This is a book review and science fiction blog, for the most part, with the odd convention report and travel notes. And maybe the occasional Celtic goddess, such as the Great Raven...
Pages
▼
Saturday, June 19, 2010
THE WILDKIN’S CURSE By Kate Forsyth. Sydney: Macmillan, 2010.
This is a so-called “companion volume” to The Starthorn Tree, which I haven’t read, but it doesn’t matter. It can be read as a stand-alone story, though it is set some years later.

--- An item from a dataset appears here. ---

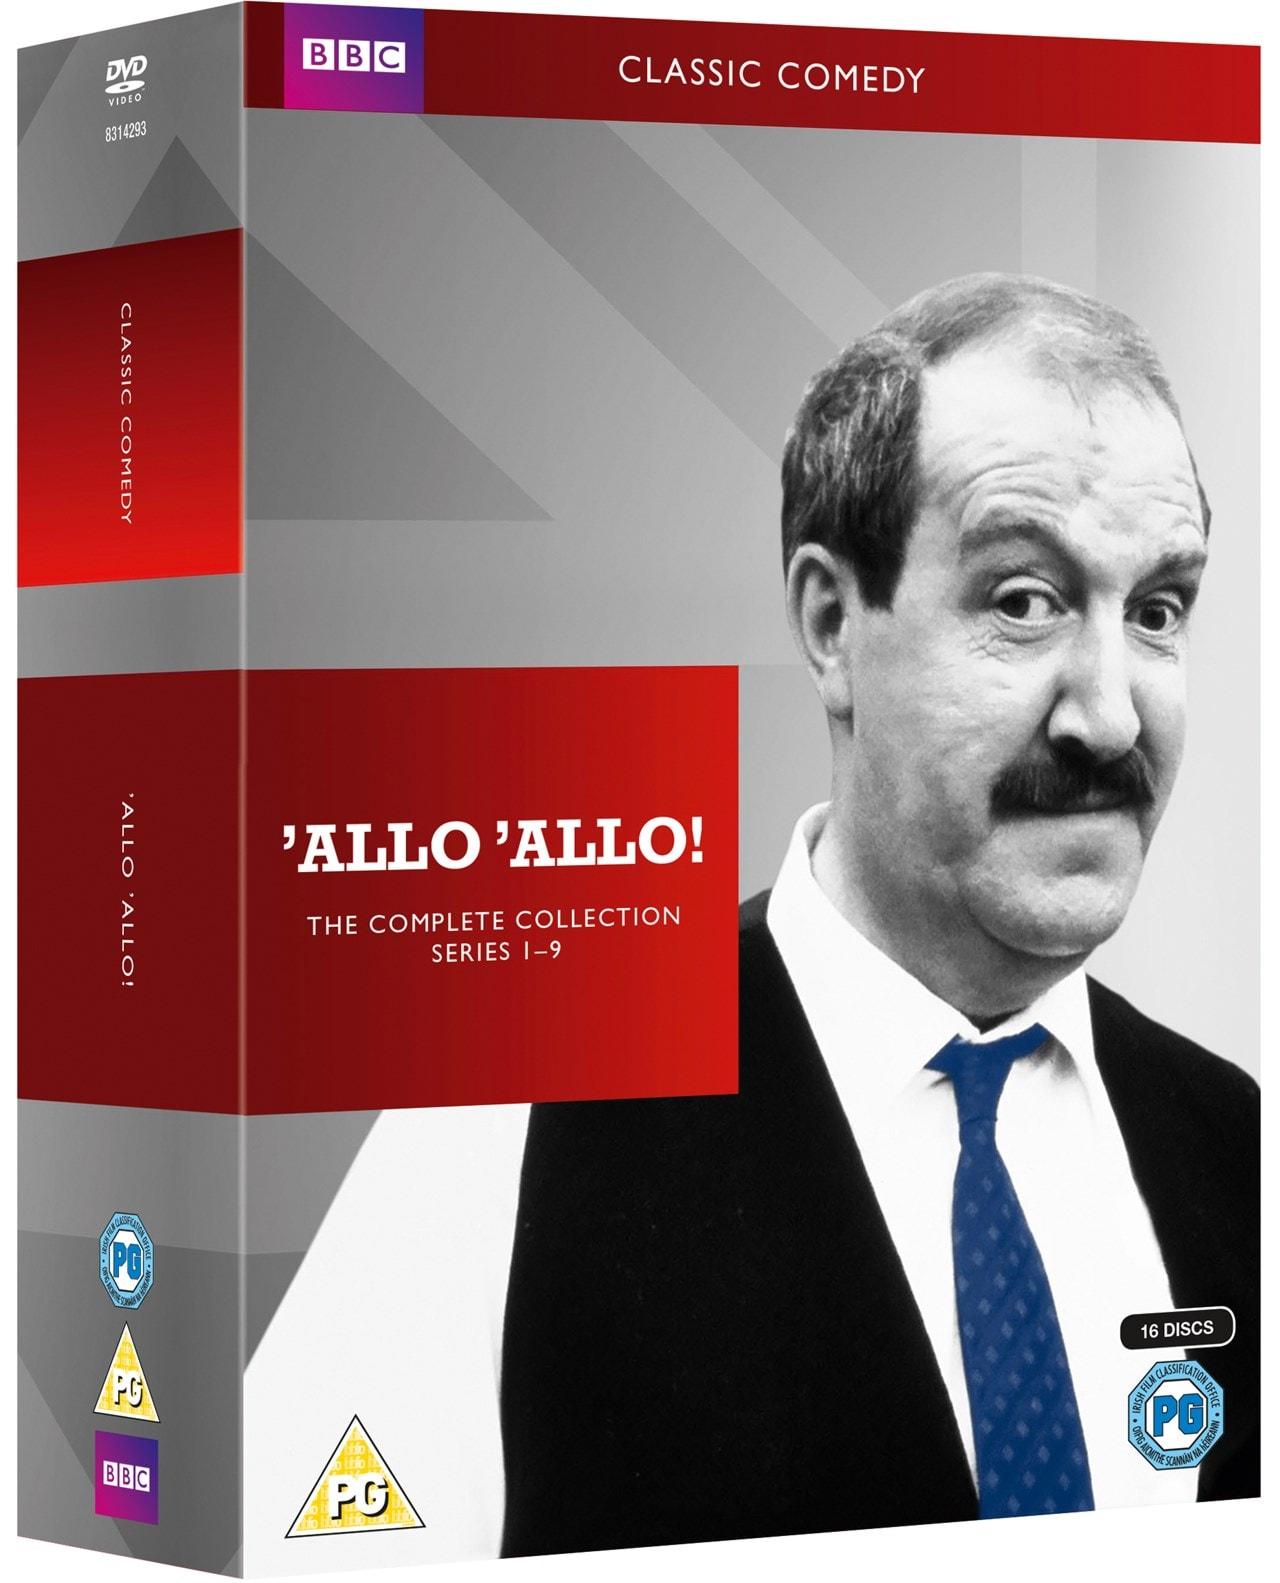 'Allo 'Allo: The Complete Collection - Series 1-9 (hmv Exclusive) - 2

The novel is set in a world in which there are different types of people – the aristocratic starkin, the lower-class hearthkin and the wildkin, who are more or less human, but with an Elvish feel about them –pointed ears and magical abilities. There are Faerie-type beings in the forests and the air, who are associated with the wildkin. In the first novel, a group of teenagers set off on a quest to rescue the brother of one of the characters, who was in an enchanted sleep. This time, the children of those characters are on a quest to free wildkin Princess Rozalina, whose starkin father is keeping her locked up in a tower and has plans for her. The fate of the entire country depends on what they do – but Princess Rozalina is dangerous, though not intentionally. Her prophecies always come to pass. Always.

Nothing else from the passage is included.